The BAYER-transformed monolithic color camera is used. Each pixel of this camera actually corresponds to one of the R, G, and B pixels. The three R, G, and B pixels are arranged according to a certain rule. The R, G, and B primary colors of each pixel are calculated based on BAYER interpolation based on the tristimulus values of the pixel and surrounding points, so the images obtained by this camera are often not available. Very good color effect, especially the corresponding edge position will have more obvious color distortion and loss of detail. At present, our common color camera is generally in this form, and its price is similar to that of a black and white camera of the same grade.
3CCD color camera, this camera corresponds to each pixel with R, G, B three photosensitive elements, the use of splitter prism to refract the incident light to three CCD target surface, respectively, photoelectric conversion to get R, G, B three The color value (see the figure below). The quality of the image obtained by this camera is good, there is no problem of loss of detail, but due to the complex structure of the camera, it is generally more expensive. In addition, because this camera adopts the method of dichroic prism, the path of light reaching each CCD target surface is not the same, so the lens needs to be designed in order to achieve a better image effect, so the camera using 3CCD also needs Equipped with a dedicated lens.
Line camera
The line camera is a special form. The pixels are arranged in a one-dimensional line, that is, there is only one line of pixels, and only one line of image data can be acquired at a time, only when the camera and the object move in the longitudinal direction. To get the two-dimensional image we usually see. So in the machine vision system is generally used in the case of continuous movement of the measured object, especially suitable for high speed and resolution requirements.

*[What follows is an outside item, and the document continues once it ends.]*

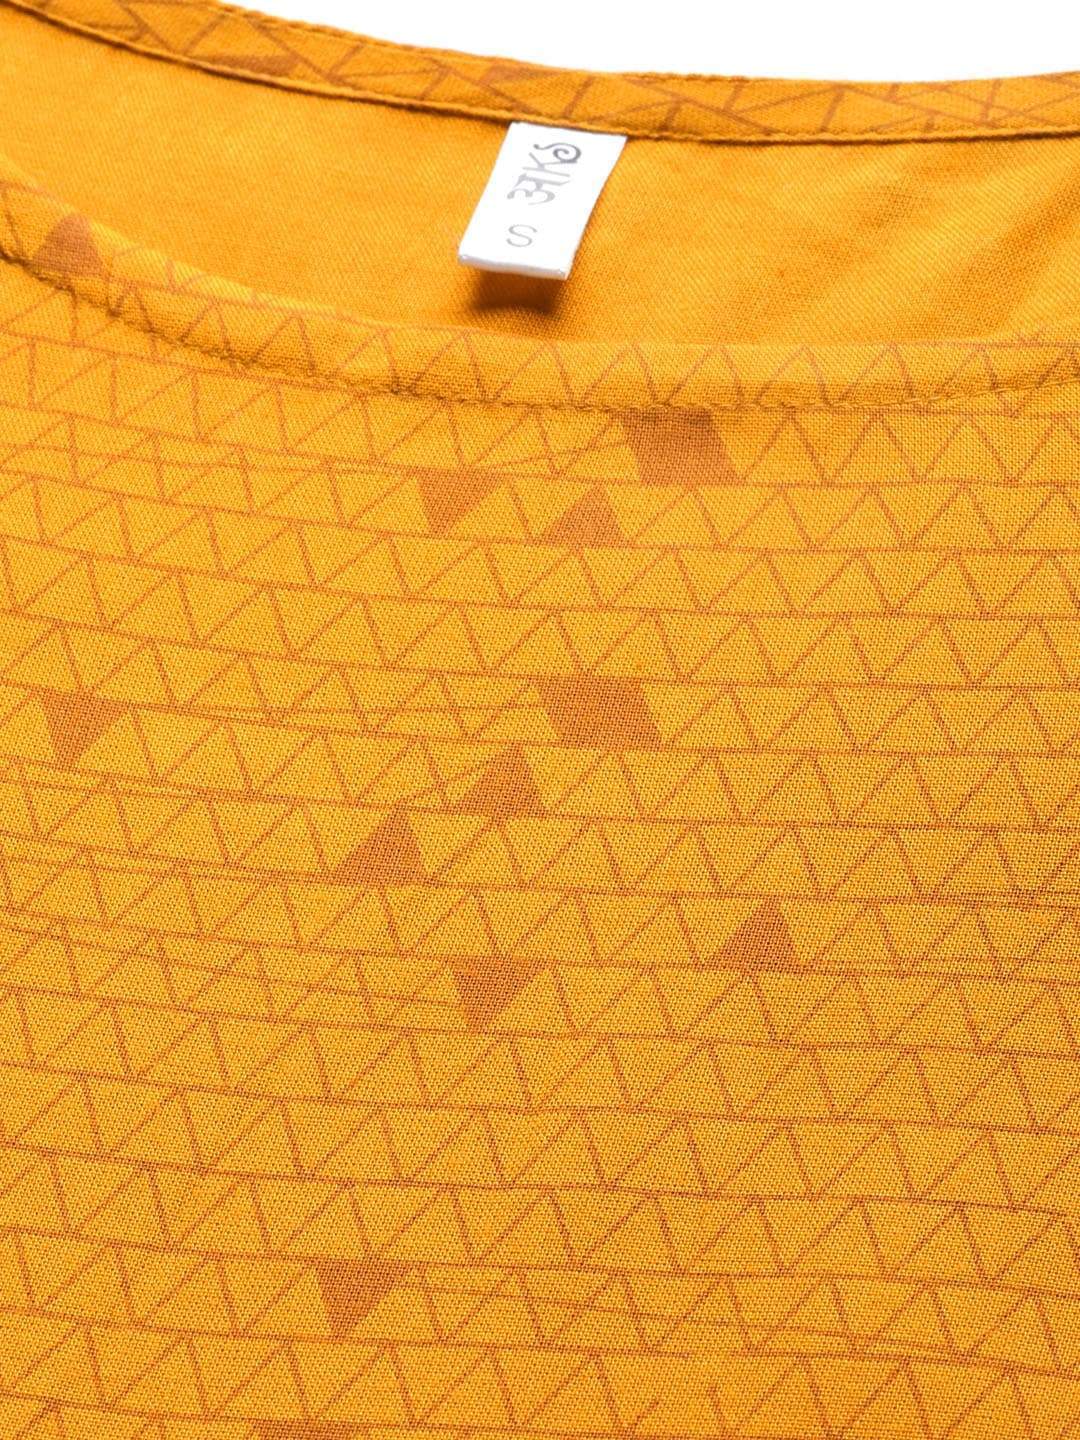 Women's  Mustard Yellow Printed Maxi Dress - AKS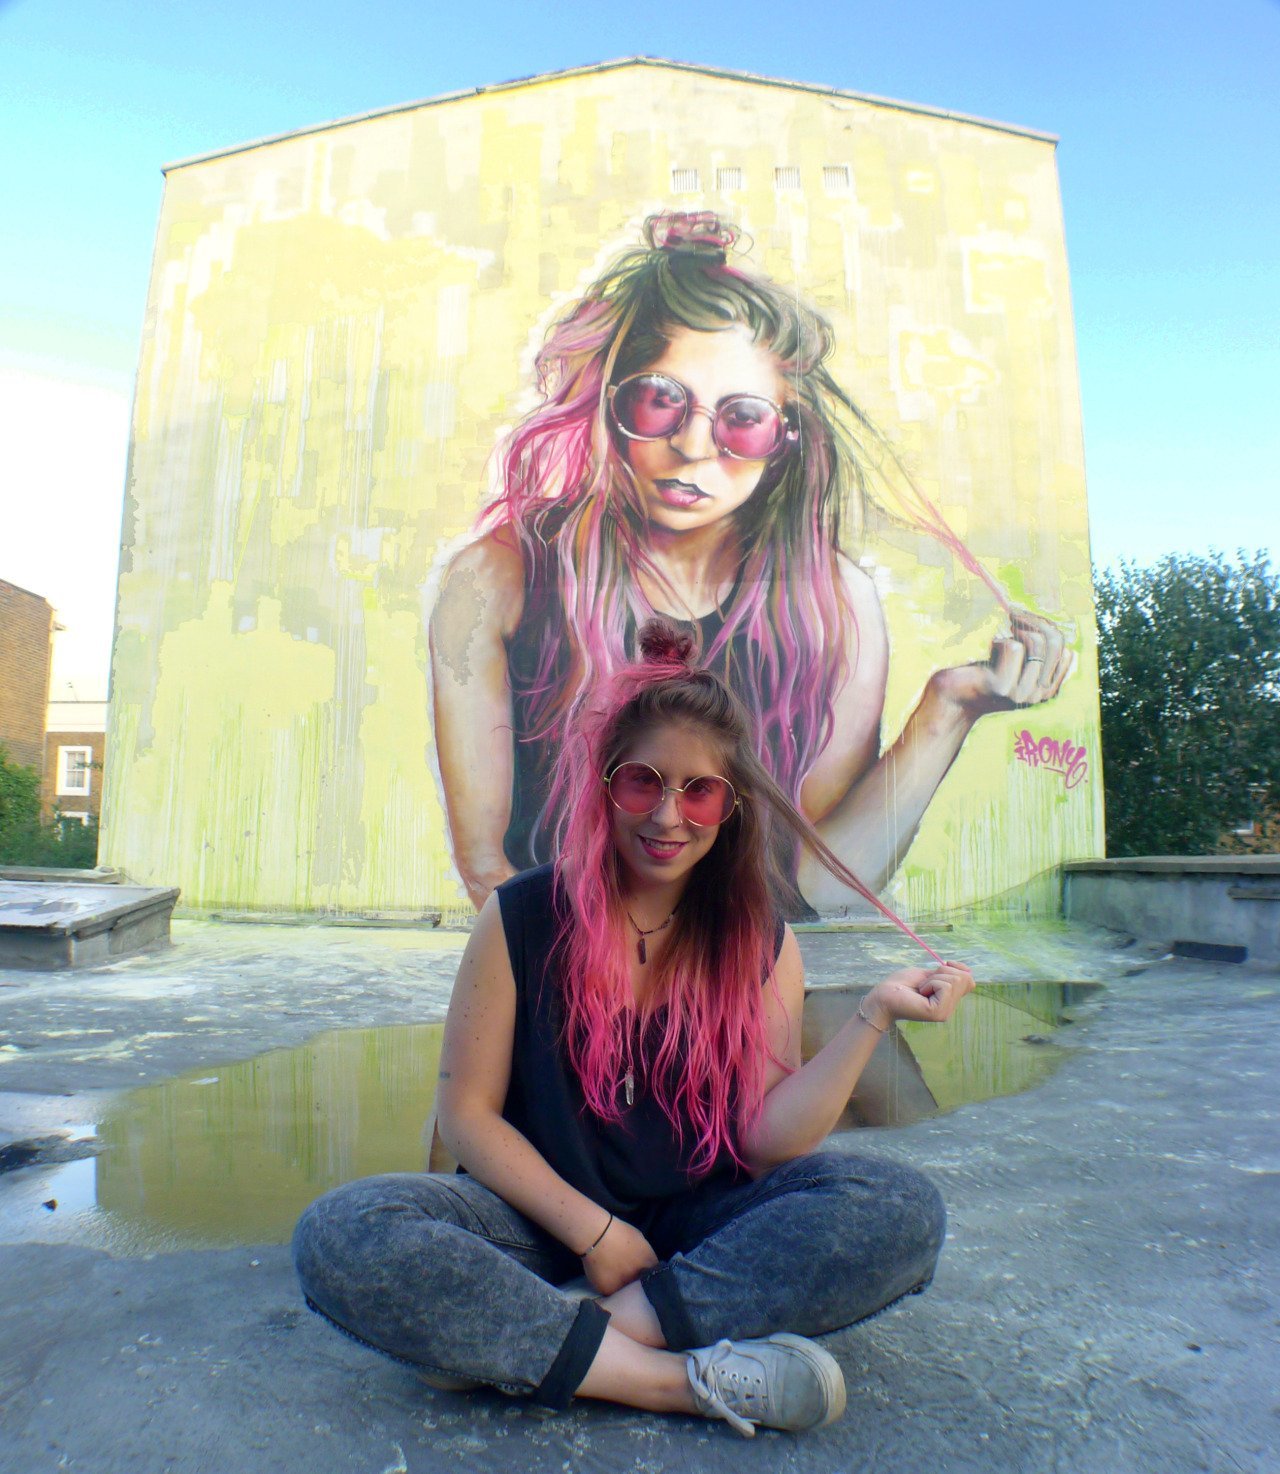 'Kisanna Vipler' #Art by Irony#Streetart #Mural #Graffiti https://t.co/cLEQkiBzTW

The black-and-white camera is also the most commonly used line-array camera. Each pixel corresponds to a pixel. The grayscale image is acquired.
3Line color camera, the camera has R, G, B three rows of pixels, respectively, red, green, blue three wavelengths of light sensitive, so each pixel will correspond to R, G, B three channel values, Color image data is formed. It should be noted that since the three rows of R, G, B pixels collect information not at the same position at the same time (see figure), motion correction is required in actual applications to obtain the desired color image. The general camera has the function of performing motion correction processing internally, but it is prone to color distortion at the edge of the image with very high contrast.
The 3CCD color camera has the same principle as the area array 3CCD camera. The incident light is respectively refracted on three CCD target surfaces by using a dichroic prism, and the values of R, G, and B colors are obtained by photoelectric conversion. The image quality is good, but special lenses are required.